I also find it much more convenient to simply add a teaspoon of the RO salts rather than get the right amount of tap water in the container when filling it!


----------



## gratts (14 Feb 2009)

> and the fish get all the minerals they need from their food)



I thought the minerals in the water were more involved with keeping an osmotic balance between the fish and water rather than the fish ingesting them?
What fish do you keep Ed? Plenty from SA I hope?


----------



## Ed Seeley (14 Feb 2009)

gratts said:
			
		

> > and the fish get all the minerals they need from their food)
> 
> 
> 
> ...



There may be an issue with osmotic balance for certain species but soft water fish are adapted to deal with very low levels.  TDS tests in wild locations can be almost unmeasurable and even koi mud ponds in Japan have levels as low as 30ppm.  My tanks run higher than that with straight RO water changes.  I've heard some people say that pure RO means growing fish will be stunted due to lack of minerals.  In fact some discus breeders say their young grow better in hard water.  I've not read any scientific papers that have explored the links but I know that many koi keepers soften their water as it makes koi grow quicker!  Nobody really seems to understand why though!

I've got killifish (mainly West African species but 1 type of Nothobranchius) and have kept a range of South and West African Dwarf cichlids over the years.  At the moment I've only got a few; a lone male Apistogramma eremnopyge, 4 A.agassizii 'Double Red' (Spawning regularly but not successfully raising young yet), 1 male Pelvicachromis pulcher 'Super Red' (soon to be crossed with an albino female to try and get a Super Red albino strain - kribs are not usual albinos and do have some pigmentation in the heterozygous form so this might be possible), Pelvicachromis suboccellatus 'Matadi' and Steatocranus tinanti.  I've also got a pair of wild Pterrophyllum scalare 'Peru Altum' that I'm spoiling rotten to try and get to breed at the expense of the scape in that tank!


----------



## Themuleous (14 Feb 2009)

chris1004 said:
			
		

> If you are offended by my post than I appologise but If you think I am being aggresive then you have led a very sheltered life my friend.........................



No offence taken so no apology needed  but remember that there are ways and ways of saying something.

There are also ways and ways of achieving the same result.  If *you* feel that you have to use 100% RO then I am not disagreeing with that approach, but I would disagree that it is the only approach, which is the impression I got form your posts.  I was merely pointing out that its not! 

Sam


----------



## chris1004 (14 Feb 2009)

Themuleous said:
			
		

> chris1004 said:
> 
> 
> 
> ...



Well obviously it bothered you or you wouldn't have said "there are ways and ways of saying somthing".

Whats the matter can't you handle someone disagreeing with you? Because that is all I did, in actual fact it wasn't even in response to your post that I used the words "I disagree" whilst refering to the gunk in my kettle.
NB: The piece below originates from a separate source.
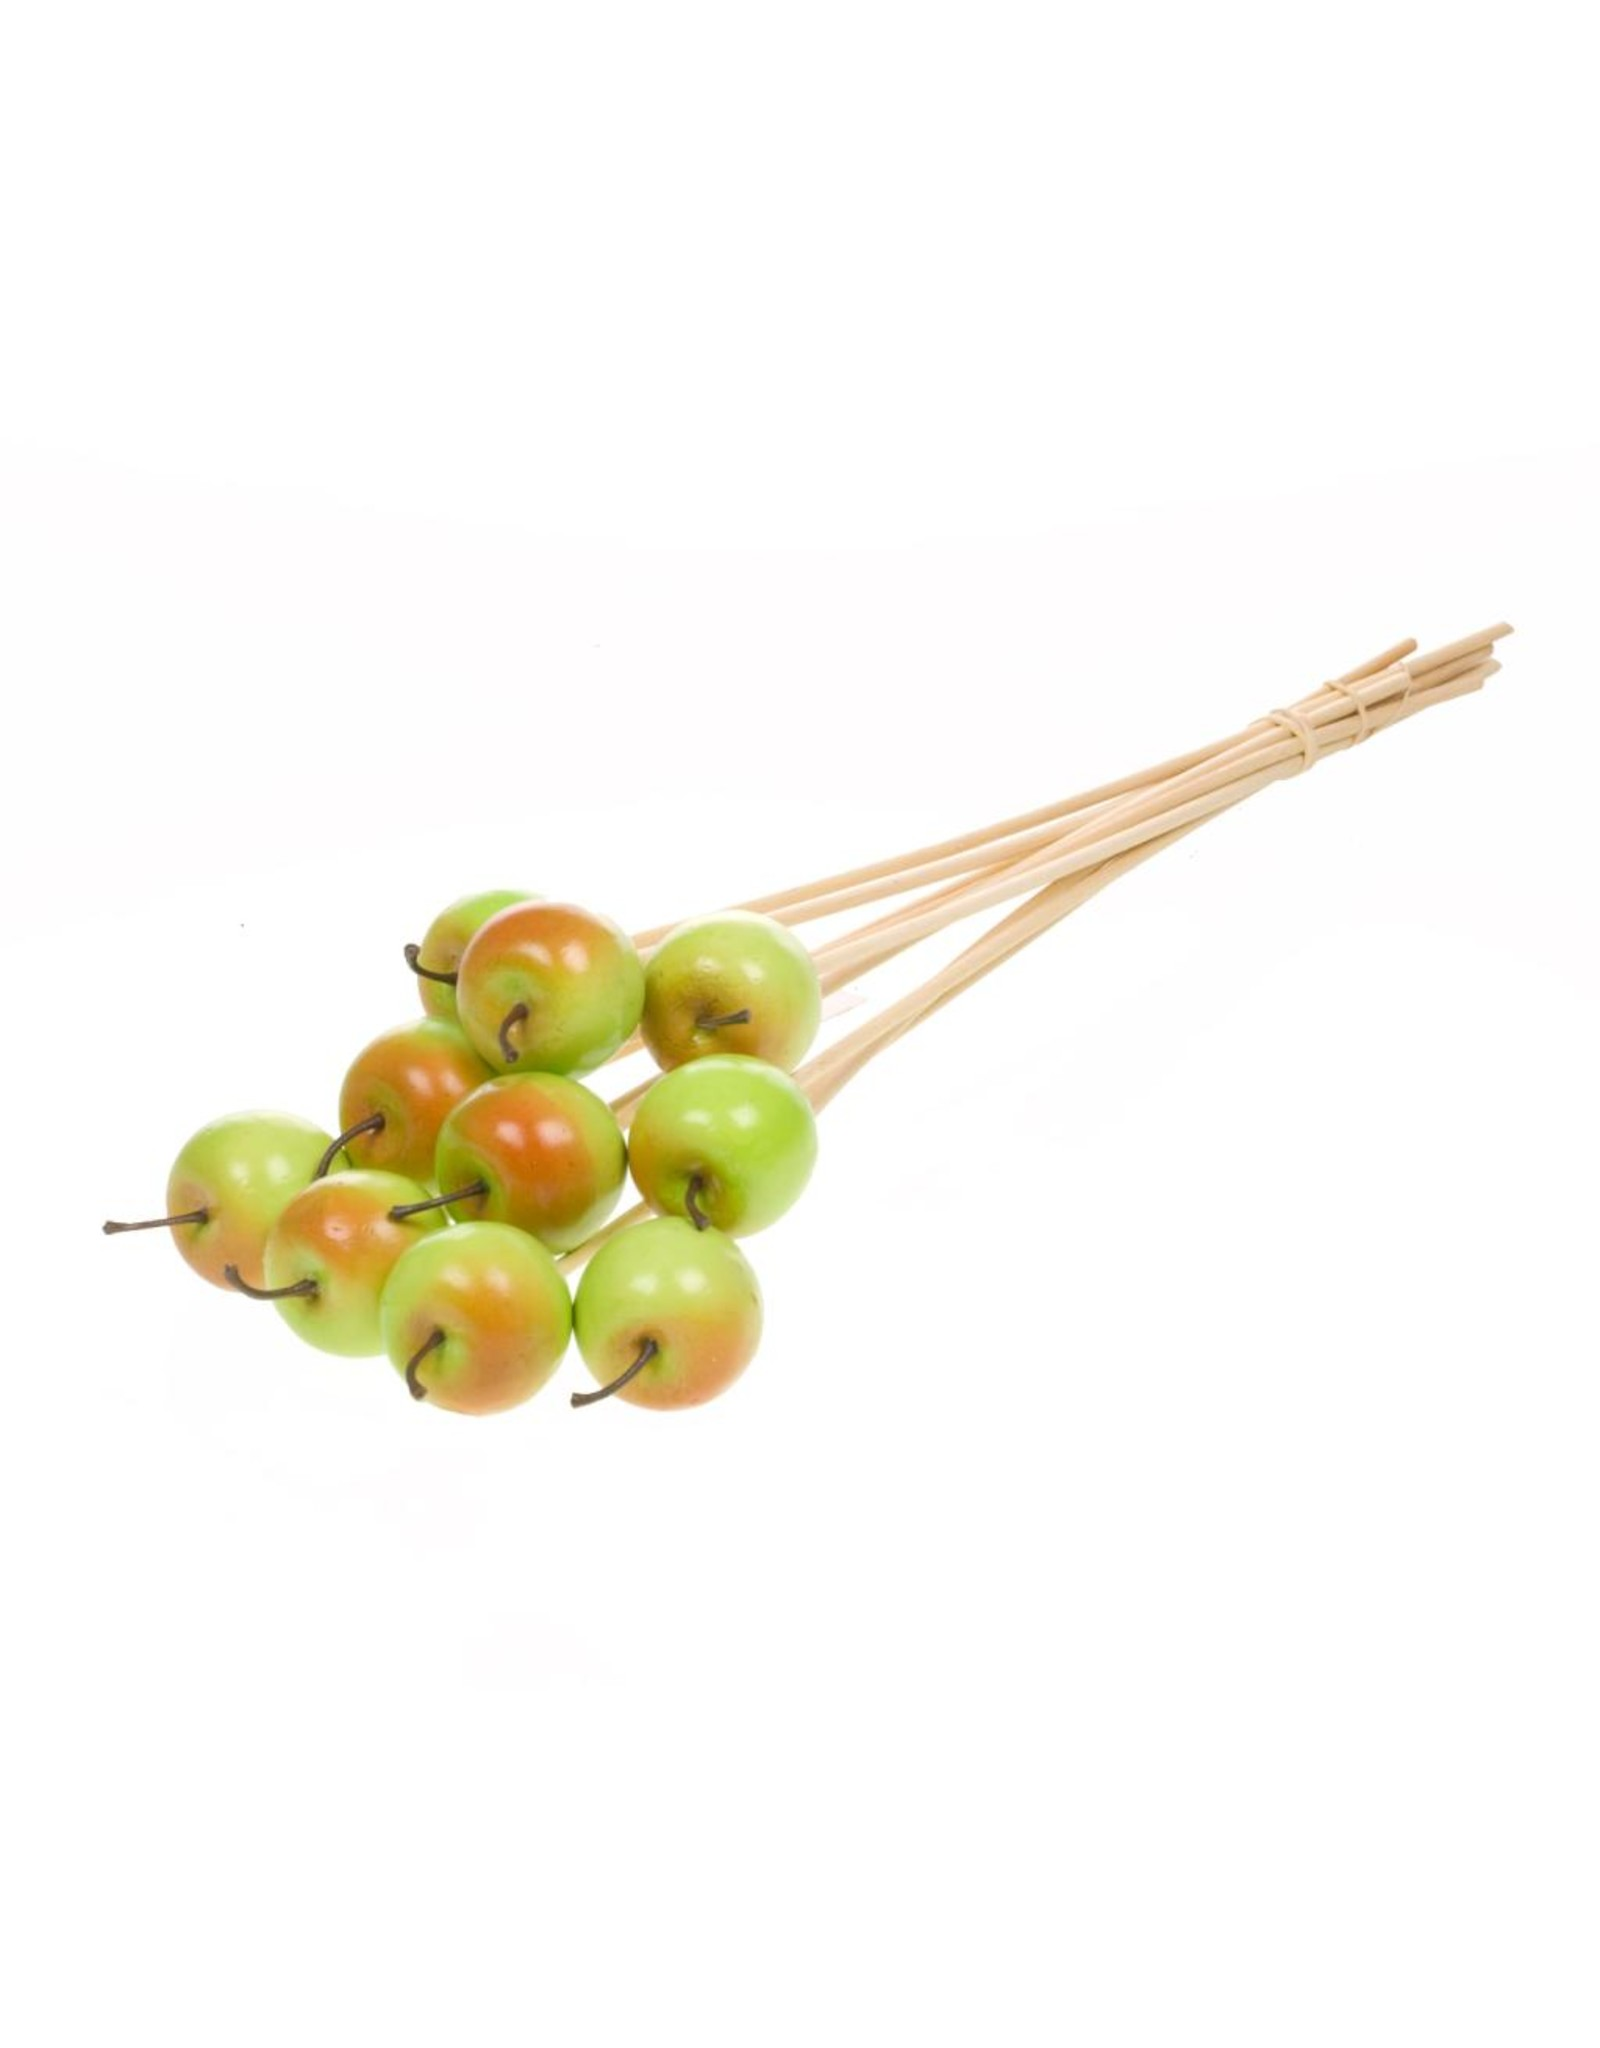 Apple 5cm o/s 10pc SB natural green x 4

The actual words that I used when replying to your post was "I wouldn't" and then I gave a brief outline of why and set the record straight about what I believe to be the misleading cost implications detailed in your post.

As far as I am concerned I haven't done or said anything wrong, ridiculed anyone, been rude, ignorant or arogant nor have i disrespected anyone, but I did apologise just in case, now you see fit to 'teach' me the error of my ways........


----------



## Themuleous (15 Feb 2009)

I think we are going to have to agree to disagree, my friend. Probably not even that, its just a misunderstanding. I have taken no offence and am not 'bothered' by what you said 

Sam


----------



## JamesC (15 Feb 2009)

This is going nowhere so I'm locking the thread.

James


----------